I miss him so badly it sometimes makes my insides ache. Which begs one almost constant question.

Why
wasn’t it love?

No. Let me rephrase that . . . why wasn’t I
sure
it was love?

There have been so many times since we broke up that his absence has been so aching, so cold, that it
must’ve
been. Yet, something stopped me from saying yes when he asked those
big, beautiful and destructive words back in the spring.

He’d booked us in for a couple’s spa day at a hotel in Cheshire and we’d spent many hours being massaged, pampered and steaming up the Jacuzzi well beyond its highest
setting.

Afterwards, we went for a walk along the Roman Walls in Chester and paused to sit under a tree by the River Dee as the sun glittered on the water. He’d never looked more fanciable. The day
had been perfect. The evening had been perfect. Then it all went wrong when he said something that turned the blood in my veins to stone.

There was a long prequel in which he declared me to be the most ‘awesome, sexy and wonderful woman’ he’d ever met. How I’d made him happier in eight months than
he’d been in his life. How he’d been keeping a lid on his feelings but could do so no longer.

All the time I was thinking: God, I think he might be about to suggest something really outlandish, like going on holiday together.

As he continued talking, I’ll tell you what was going through my head:
A week’s a bit long, but I’d consider three days in Rome. Or maybe Barcelona, because you can get an
easyJet flight there—

‘Emma, did you hear me?’

‘Of course!

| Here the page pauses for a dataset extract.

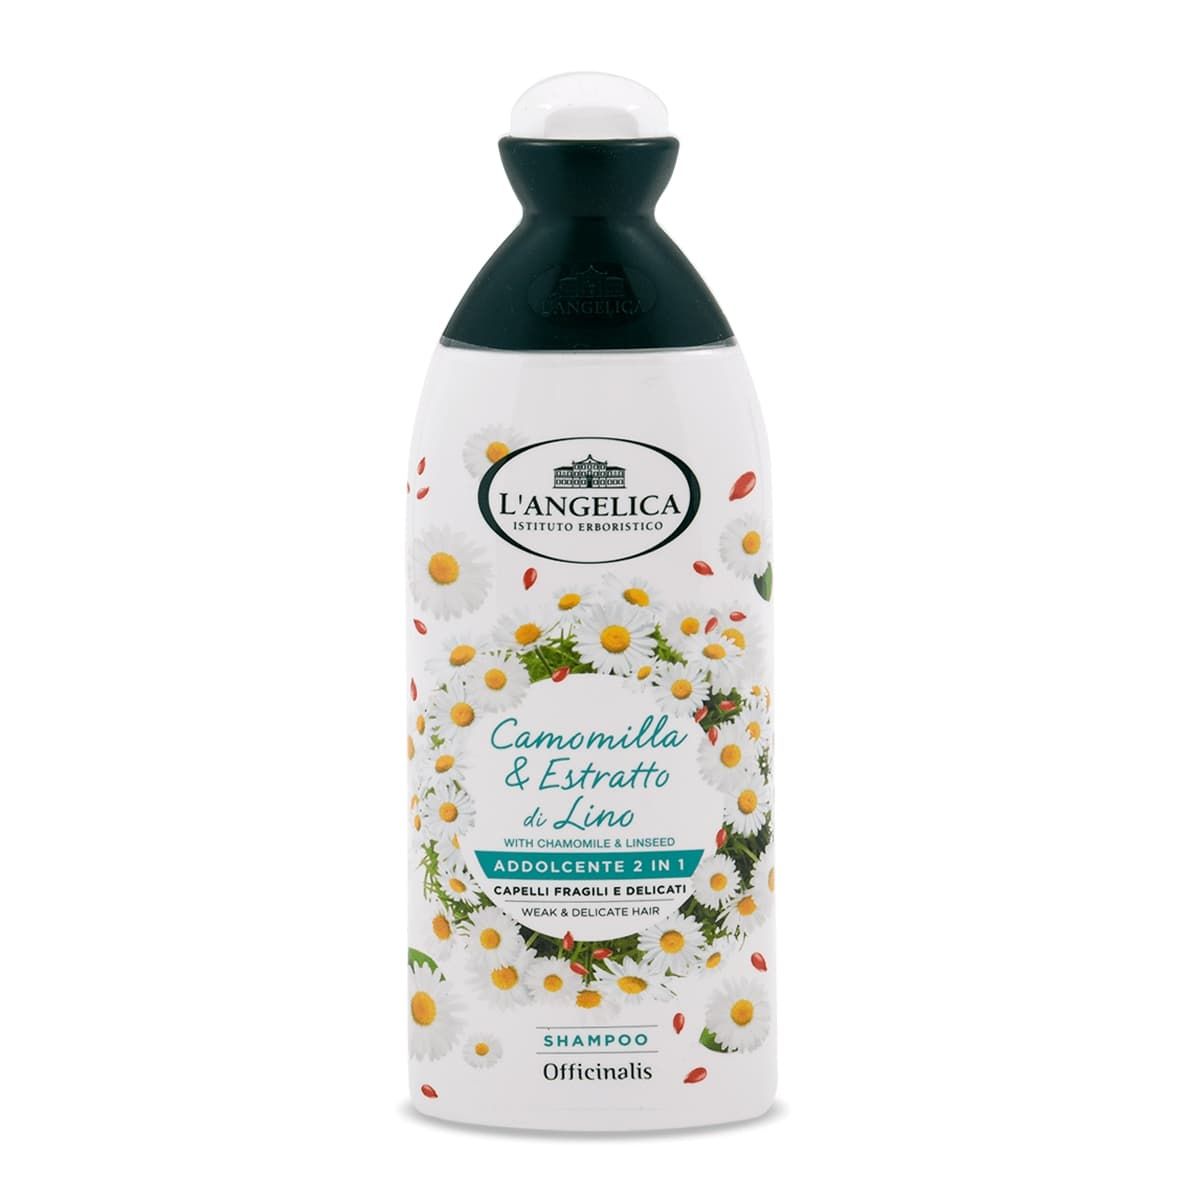 Chamomile & Linen Extract 2-in-1 Shampoo

Where were you thinking?’

He looked taken aback – and unnervingly happy.

‘Well, we’d have to take a look at a few venues but . . . does that mean it’s a yes?’

Then something clicked. Nobody could be
that
happy about the prospect of a dirty weekend, even if I promised to go on a spending spree at Agent Provocateur and take a course of
pole-dancing lessons in advance.

With my heart hammering, I shoved my hands in my pockets and found a packet of mints Dad had left in my car at the weekend, feeling a sudden urge to put one in my mouth. ‘You’re not
talking about going away, are you?’ I mumbled.

‘Emma, I don’t care
where
we do it, I only care
that
we do it.’

‘Do . . . what?’ I asked, praying his answer would be ‘snow-boarding’.

He sank to one knee and uttered four words that killed my blissful notion that what we had together was frivolous, thoroughly enjoyable and just a bit of fun.

‘Will you marry me?’

I nearly choked on my Fox’s Glacier mint.

Chapter 9

My bid to tackle the list gets off to a flying start.

By Saturday, the day of Cally’s thirtieth birthday, I have a polo taster lesson booked, although it’s not until the end of September. I cancelled this morning’s hair
appointment so that I can ‘grow hair long’, as the list puts it, despite my awareness that aspiring to look like Daryl Hannah in
Splash
by December might be ambitious. And I
Googled various Michelin-starred restaurants – even though, as I did so, something hit home.